[SPARK-43789][R] Uses 'spark.sql.execution.arrow.maxRecordsPerBatch' …

…in R createDataFrame with Arrow by default ### What changes were proposed in this pull request? This PR proposes to pick a proper number of partitions when create a DataFrame from R DataFrame with Arrow. Previously, the number of partitions was always `1` if not specified. Now, it splits the input R DataFrame by `spark.sql.execution.arrow.maxRecordsPerBatch`, and pick a proper number of partitions (the number of batches). This is matched with PySpark code path: https://github.com/apache/spark/blob/46949e692e863992f4c50bdd482d5216d4fd9221/python/pyspark/sql/pandas/conversion.py#L618C11-L626 ### Why are the changes needed? To avoid having OOM when the R DataFrame is too large, and enables a proper distributed computing. ### Does this PR introduce _any_ user-facing change? Yes, it changes the default partition number when users call `createDataFrame` with R DataFrame when Arrow optimization is enabled. The concept of the partition is subject to be internal, and by default it doesn't change its behaviour. ### How was this patch tested? Manually tested with a large CSV file (3 GB). Also added a unittest. Closes apache#41307 from HyukjinKwon/default-batch-size.

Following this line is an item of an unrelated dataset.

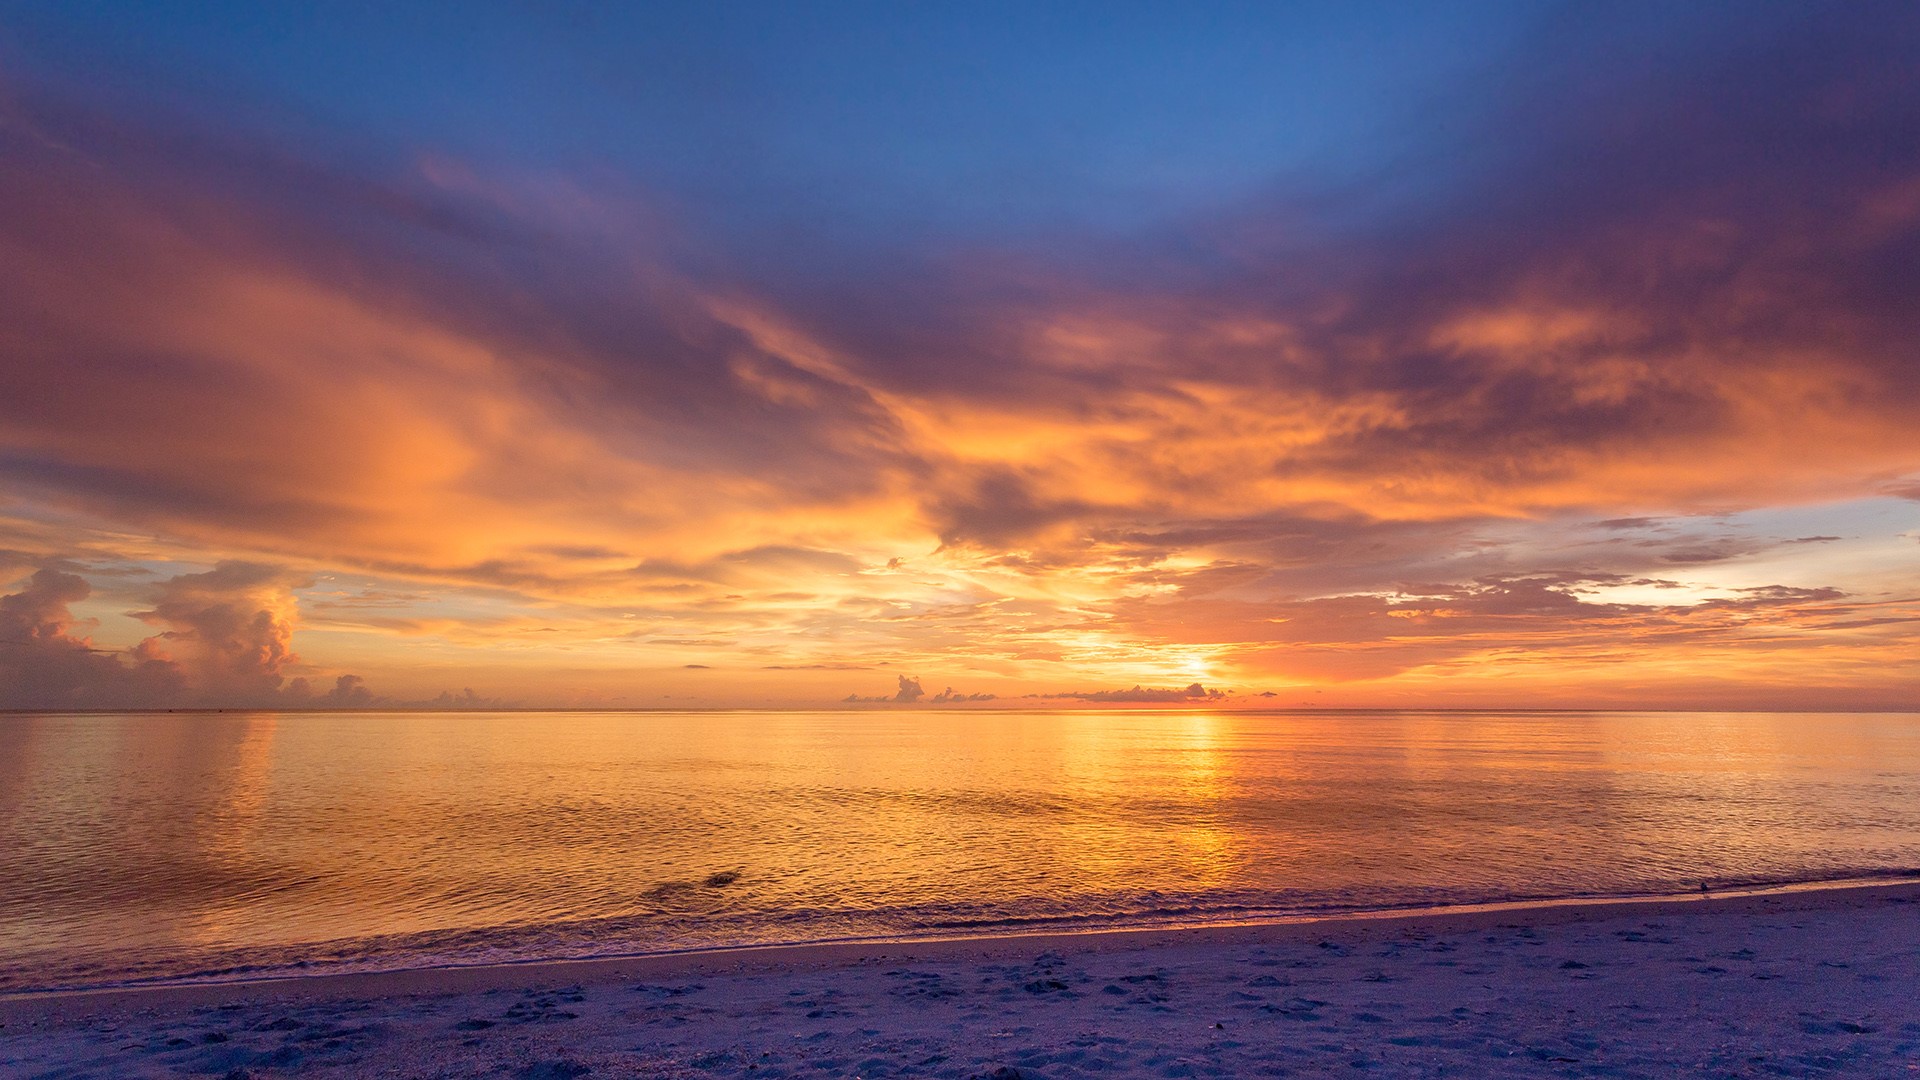 Naples beach amazing sunset and calm ocean, Florida, USA. Windows 10 Spotlight Image

Authored-by: Hyukjin Kwon <gurwls223@apache.org> Signed-off-by: Hyukjin Kwon <gurwls223@apache.org>
VulnerabilityTesting · May 25, 2023 · eca0bef · eca0bef
1 parent 6fc5f4e
commit eca0bef
Show file tree

Hide file tree

Showing 2 changed files with 18 additions and 1 deletion.
diff --git a/R/pkg/R/SQLContext.R b/R/pkg/R/SQLContext.R
@@ -153,7 +153,9 @@ writeToFileInArrow <- function(fileName, rdf, numPartitions) {
     numPartitions <- if (!is.null(numPartitions)) {
       numToInt(numPartitions)
     } else {
-      1
+      # If numPartitions is not set, chunk the R DataFrame based on the batch size.
+      ceiling(
+        nrow(rdf) / as.numeric(sparkR.conf("spark.sql.execution.arrow.maxRecordsPerBatch")[[1]]))
     }
 
     rdf_slices <- if (numPartitions > 1) {

diff --git a/R/pkg/tests/fulltests/test_sparkSQL_arrow.R b/R/pkg/tests/fulltests/test_sparkSQL_arrow.R
@@ -249,4 +249,19 @@ test_that("SPARK-32478: gapply() Arrow optimization - error message for schema m
     "expected IntegerType, IntegerType, got IntegerType, StringType")
 })
 
+test_that("SPARK-43789: Automatically pick the number of partitions based on Arrow batch size", {
+  skip_if_not_installed("arrow")
+
+  conf <- callJMethod(sparkSession, "conf")
+  maxRecordsPerBatch <- sparkR.conf("spark.sql.execution.arrow.maxRecordsPerBatch")[[1]]
+
+  callJMethod(conf, "set", "spark.sql.execution.arrow.maxRecordsPerBatch", "10")
+  tryCatch({
+    expect_equal(getNumPartitionsRDD(toRDD(createDataFrame(mtcars))), 4)
+  },
+  finally = {
+    callJMethod(conf, "set", "spark.sql.execution.arrow.maxRecordsPerBatch", maxRecordsPerBatch)
+  })
+})
+
 sparkR.session.stop()